About Ross Middlebrook “Pep” Youngs

Ross Middlebrook “Pep” Youngs, professional baseball player, was born on April 10, 1897, in Shiner, Texas, to Stonewall Jackson “Jack” Youngs and Henrie (Middlebrook) Youngs. (Some sources have erroneously given his name as Royce.) His father, who worked for the San Antonio and Aransas Pass Railroad, managed a local baseball team in 1903 and 1904. After his leg was crushed in a work-related accident, he was forced to seek other employment, so he and his wife Henrie ran a hotel near the Shiner railroad station. When Ross was ten years old, his parents moved to San Antonio to operate a boarding house. In addition, his father maintained a modest herd of cattle outside of town. He was listed as a cotton buyer on the 1910 census. At some point, he left the family, leaving Henrie Youngs to support Ross and his two brothers, Arthur and Jack, Jr.

Ross Youngs, though small in stature (he eventually topped out at 5’8”), was a gifted athlete. He ran track and played baseball, basketball, and football (and later excelled at golf) at various San Antonio schools, most notably at the West Texas Military Academy (later named Texas Military Institute).

Perhaps just as important in his athletic development was his part-time job at Block Stadium. The local baseball park, which opened in 1913, hosted the Philadelphia A’s that year for spring training and then became the home of the Texas League Bronchos. Located on the southern fringe of downtown, the stadium was named after cigar store owner Morris Block, who had owned the team since 1905. During Block Stadium’s inaugural season, Youngs began hawking concessions there and became acquainted with manager George Stinson and the players. At age sixteen, Youngs was allowed to participate in infield drills, pitch batting practice, and shag flies with the team. In a meaningless game late in the season (August 26, 1913), Stinson inserted Youngs as a second baseman into the lineup. The 2–0 loss to the Galveston Pirates was an inauspicious debut (he had no hits in three at bats with two strikeouts), but his fielding was good enough to inspire a write-up in the San Antonio Express.
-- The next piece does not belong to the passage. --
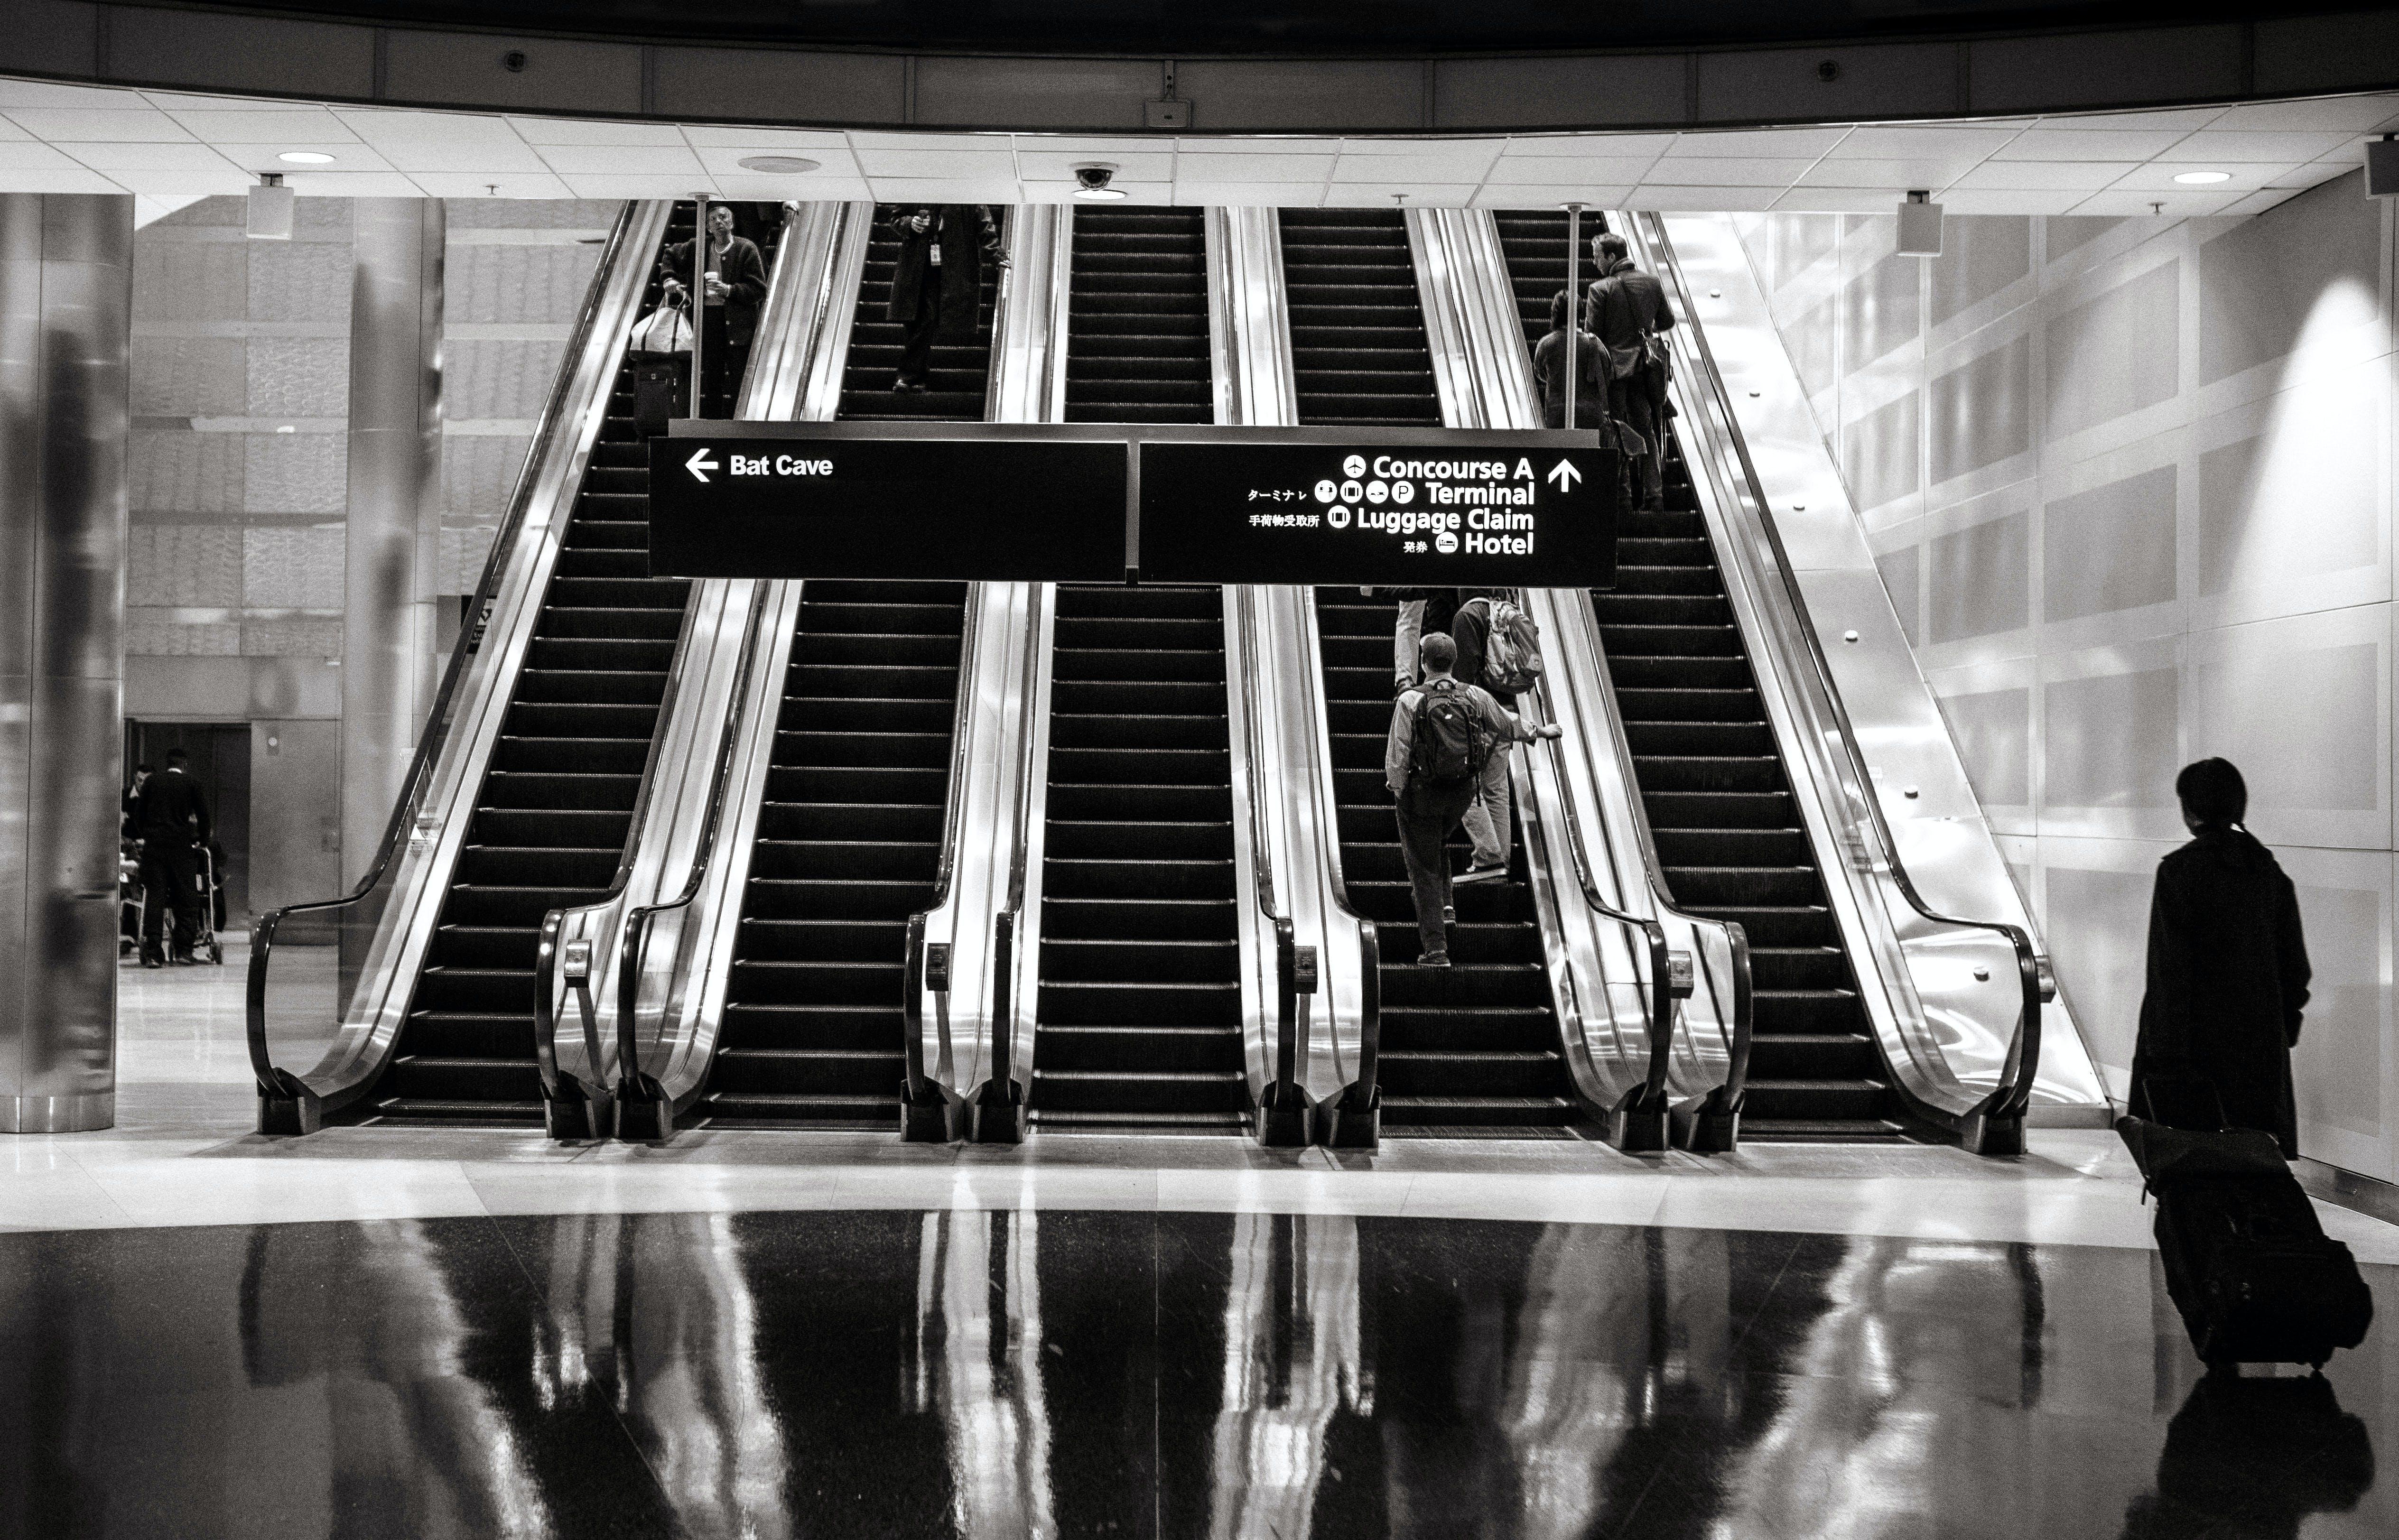 airport, escalators, moving

It also marked the first time in his professional career when he was shortchanged on his last name, having been identified not as Ross Youngs but as Ross Young.
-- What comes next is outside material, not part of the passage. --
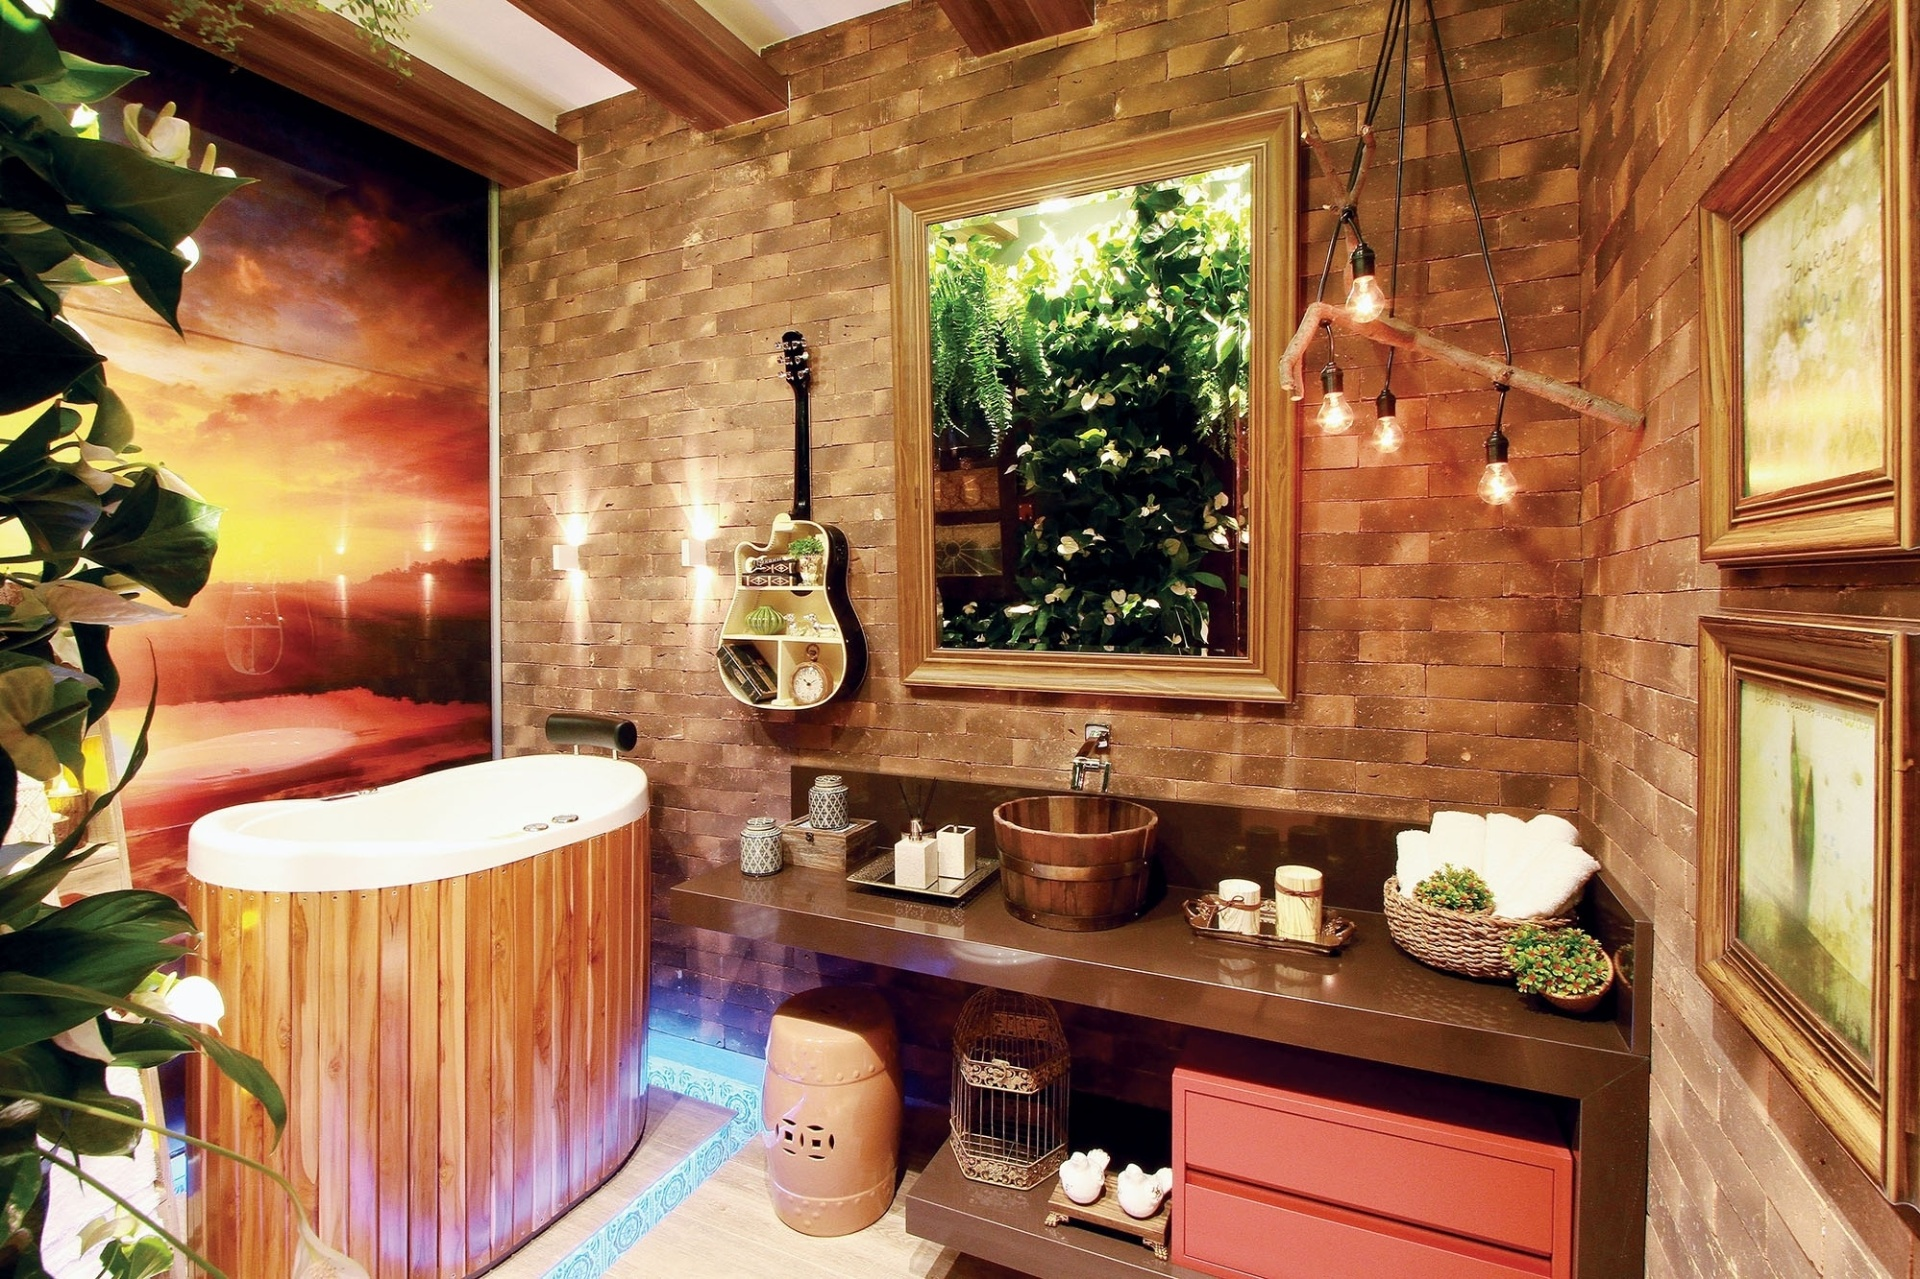 Banheiros pequenos: dicas de decoração para quem tem pouco espaço  #A53D26 1920 1279
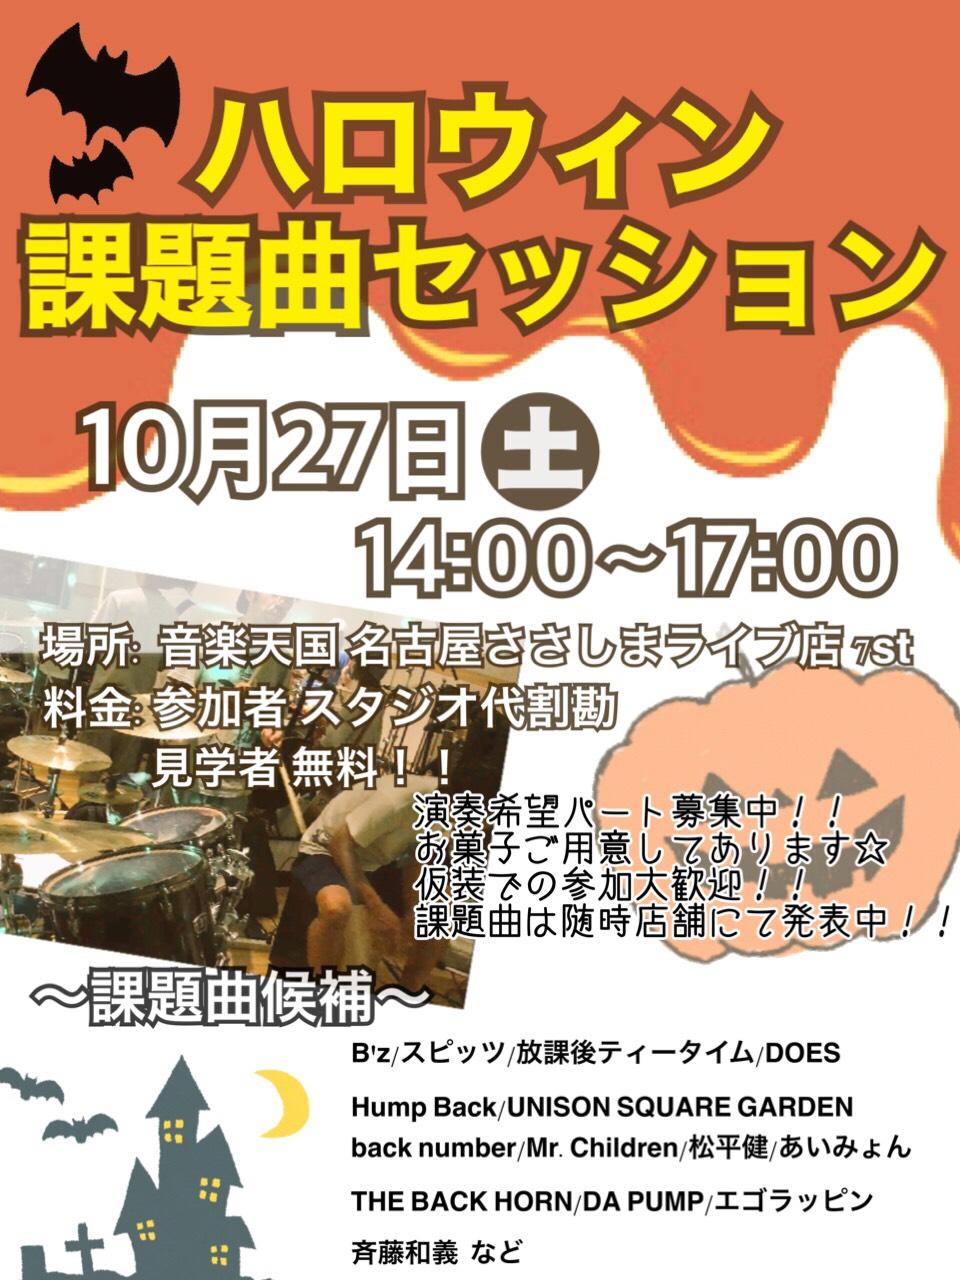 【ハロウィン・課題曲セッション】音楽天国・名古屋ささしまライブ店10月27日(土)開催

In 1914 Youngs returned to his duties at Block Stadium, but before the season was over he found himself a member of the rival Austin Senators. The Senators, were managed by Walter Frantz, a former Broncho, who had been impressed by young Youngs. The Senators, a woeful team, finished the season at 31–114 and endured a thirty-two-game losing streak. Youngs played twelve games at second base and shortstop and hit a mere .145 batting average (8 hits in 55 at bats), but considering his youth (he was seventeen) and the fact that the Texas League was one of the better minor leagues, it was not a bad showing.

In 1915 Youngs continued his professional baseball career in the small town of Bartlett, Texas. The Bearcats were a member of the Middle Texas League, which had been founded the season before. As a Class D circuit, it was the lowest level in professional baseball. The precarious financial position of the league was obvious; it folded during the 1915 season. Nevertheless, Youngs was able to compile some respectable statistics (a .264 batting average with twenty-five stolen bases), which attracted the attention of the Waxahachie Athletics of the Class D Central Texas League. Here Youngs kept up the good work (.274 with sixteen stolen bases) until that league also collapsed.
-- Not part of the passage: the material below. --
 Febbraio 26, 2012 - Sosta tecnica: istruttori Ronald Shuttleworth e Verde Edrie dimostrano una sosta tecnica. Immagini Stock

Since the 1915 season was still in progress elsewhere in Texas, Youngs migrated to Lufkin to play for that town’s team in the semi-pro East Texas League. During his brief sojourn there, he attracted the attention of Roy Aiken and Walter Salem, who scouted for the Houston Buffaloes of the Texas League. He was offered a contract and would have finished the season in Houston, if not for a hurricane that destroyed the Buffs’ home park. Remarkably, Youngs’s peripatetic professional baseball summer occurred between his junior and senior years at the West Texas Military Academy.

During his senior year at the Academy, he starred on the gridiron, but even though a number of colleges were interested in recruiting him for football, he returned to Class D baseball in Texas in 1916, this time with the Sherman Lions of the Western Association, where he was reunited with Walter Frantz, his manager at Austin. Youngs came into his own, as he won the league batting title with a .362 average while leading the league in hits (195) and runs scored (103). Frantz wrote to John McGraw, longtime (1902–32) manager of the New York Giants, who sent his scout, Dick Kinsella, to get a closer look. The scout seconded Frantz’s praise, and McGraw acquired the rights to Youngs for $2,000.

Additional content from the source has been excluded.